> _Exercise goal_
Please return the listing exactly as written, but without its pictures.

> _Stored data_
==============================

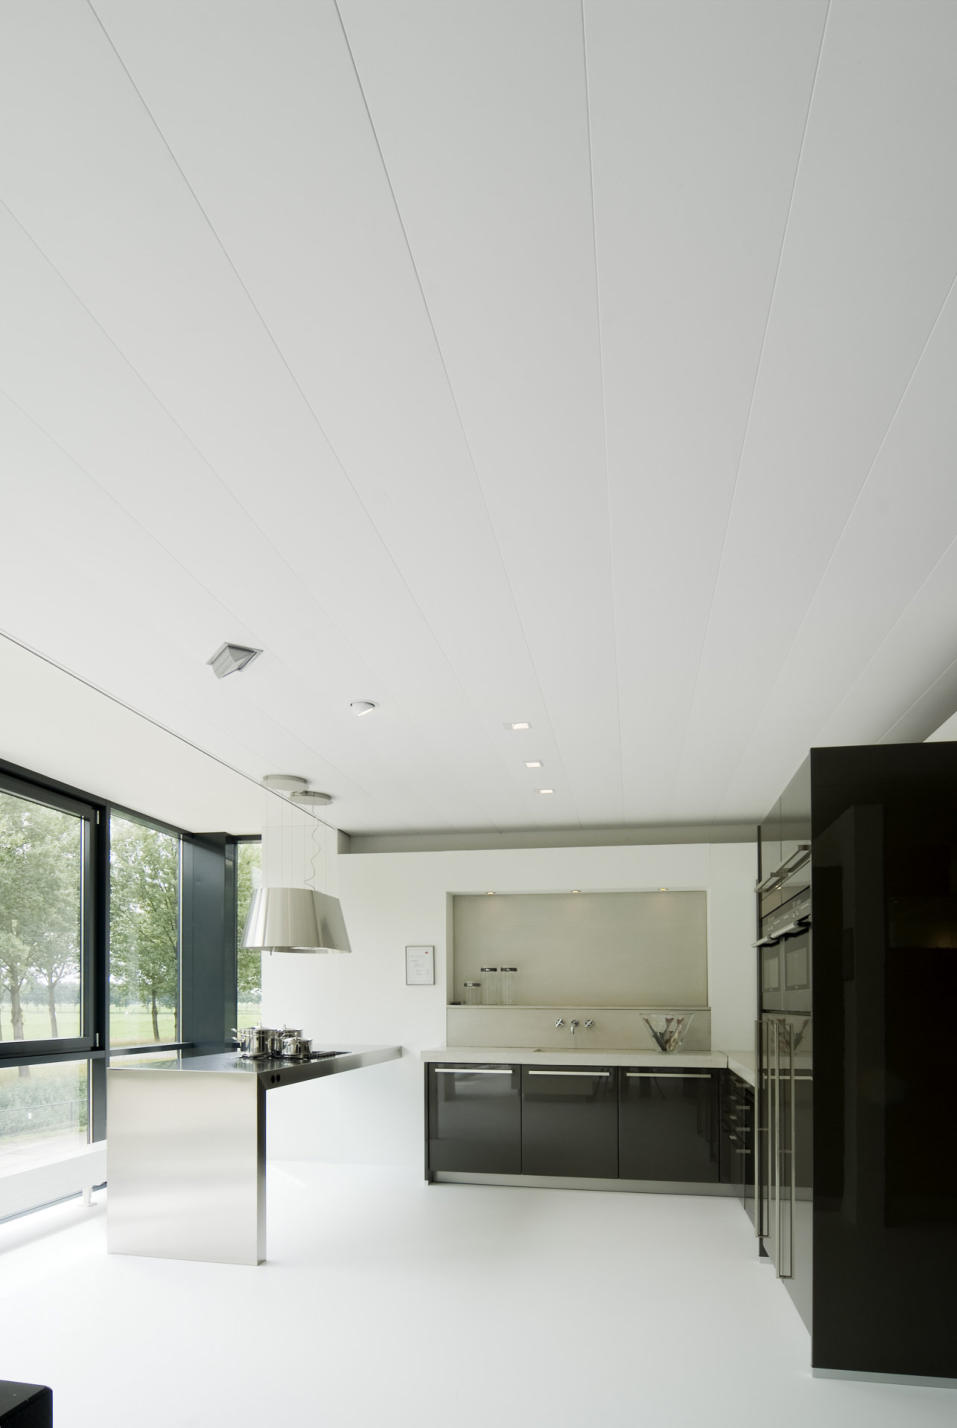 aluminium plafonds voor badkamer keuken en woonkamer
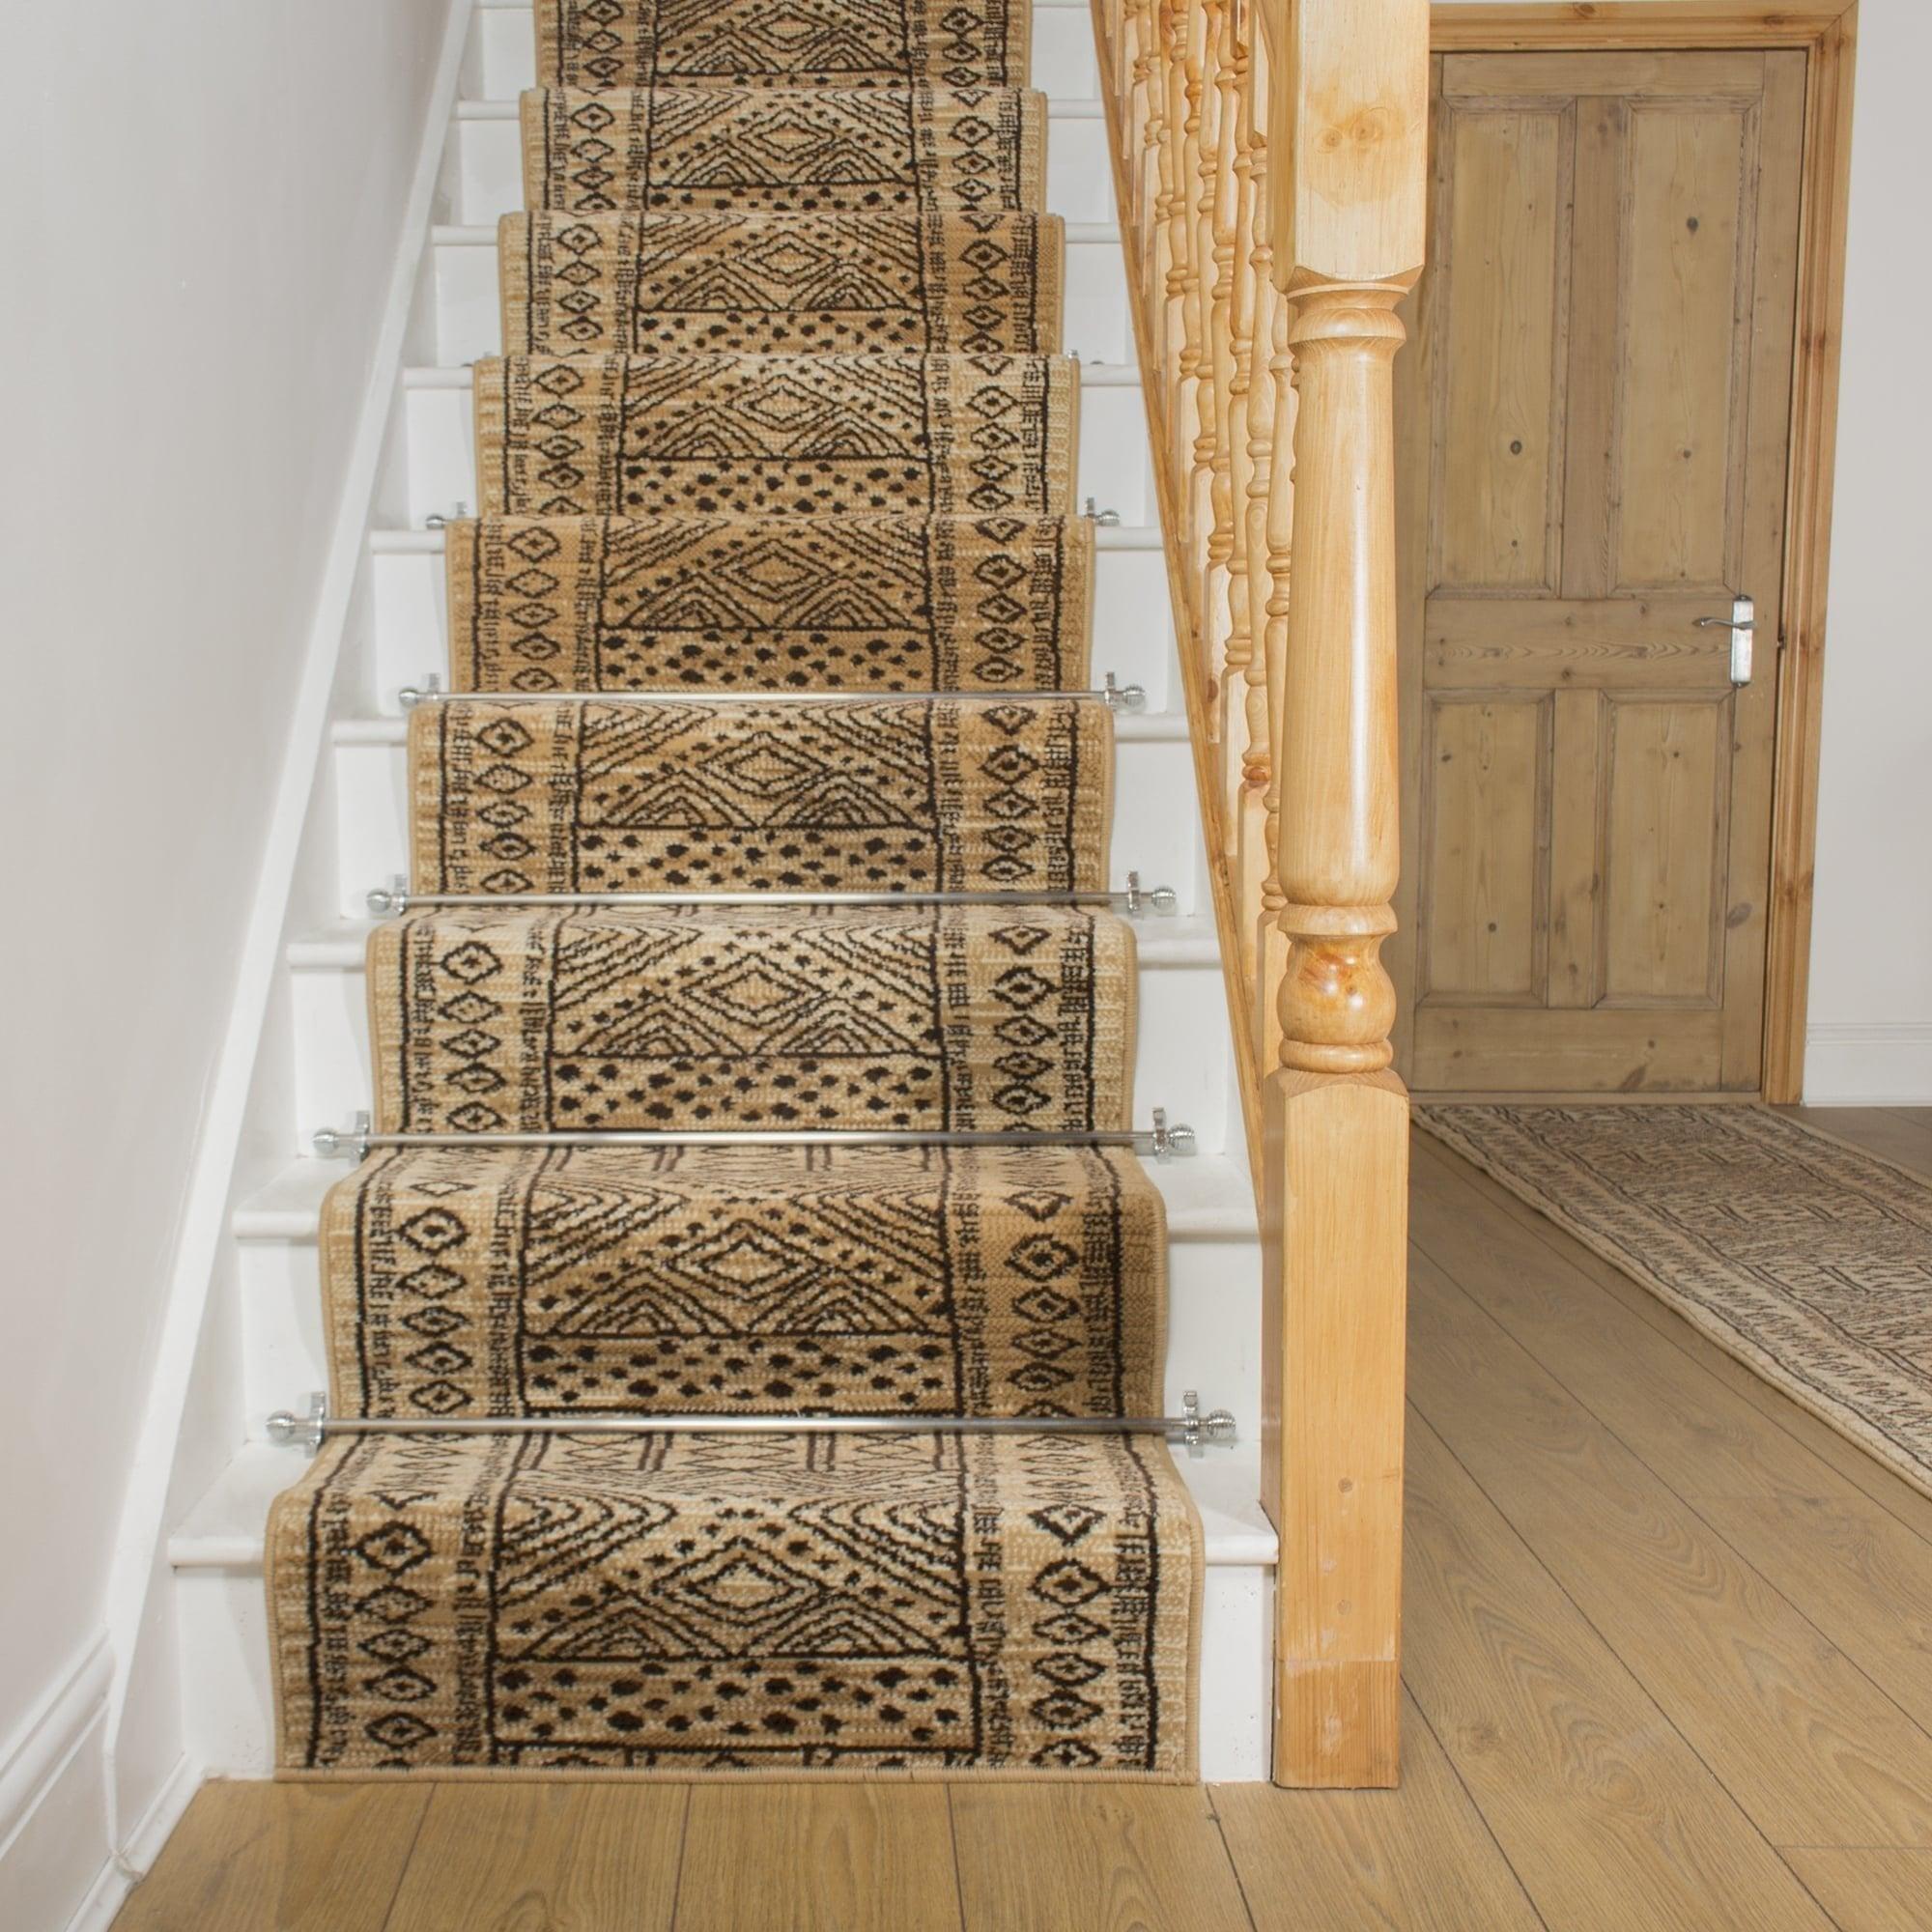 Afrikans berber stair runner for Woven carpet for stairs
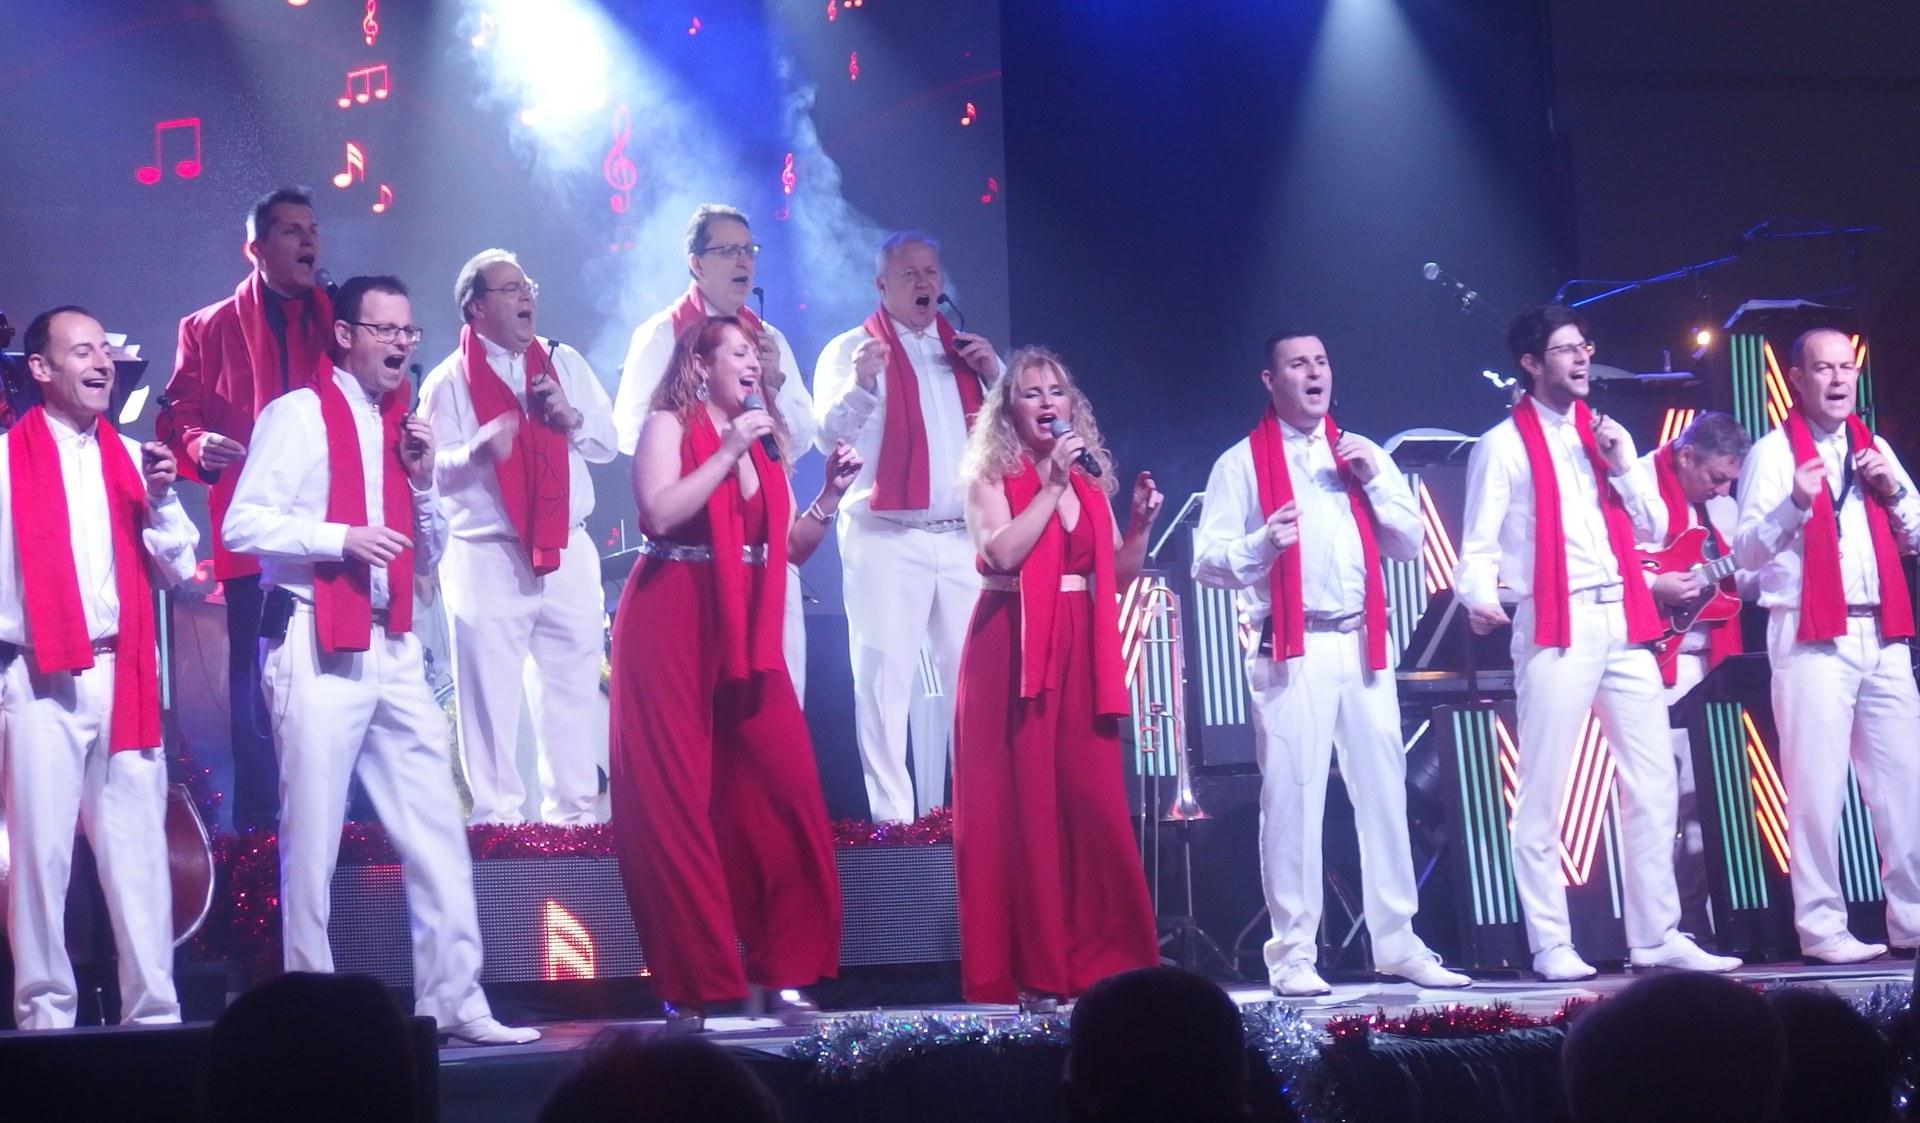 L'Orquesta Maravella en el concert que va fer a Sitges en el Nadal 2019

==============================

> _Result for this task_
 aluminium plafonds voor badkamer keuken en woonkamer
 Afrikans berber stair runner for Woven carpet for stairs
 L'Orquesta Maravella en el concert que va fer a Sitges en el Nadal 2019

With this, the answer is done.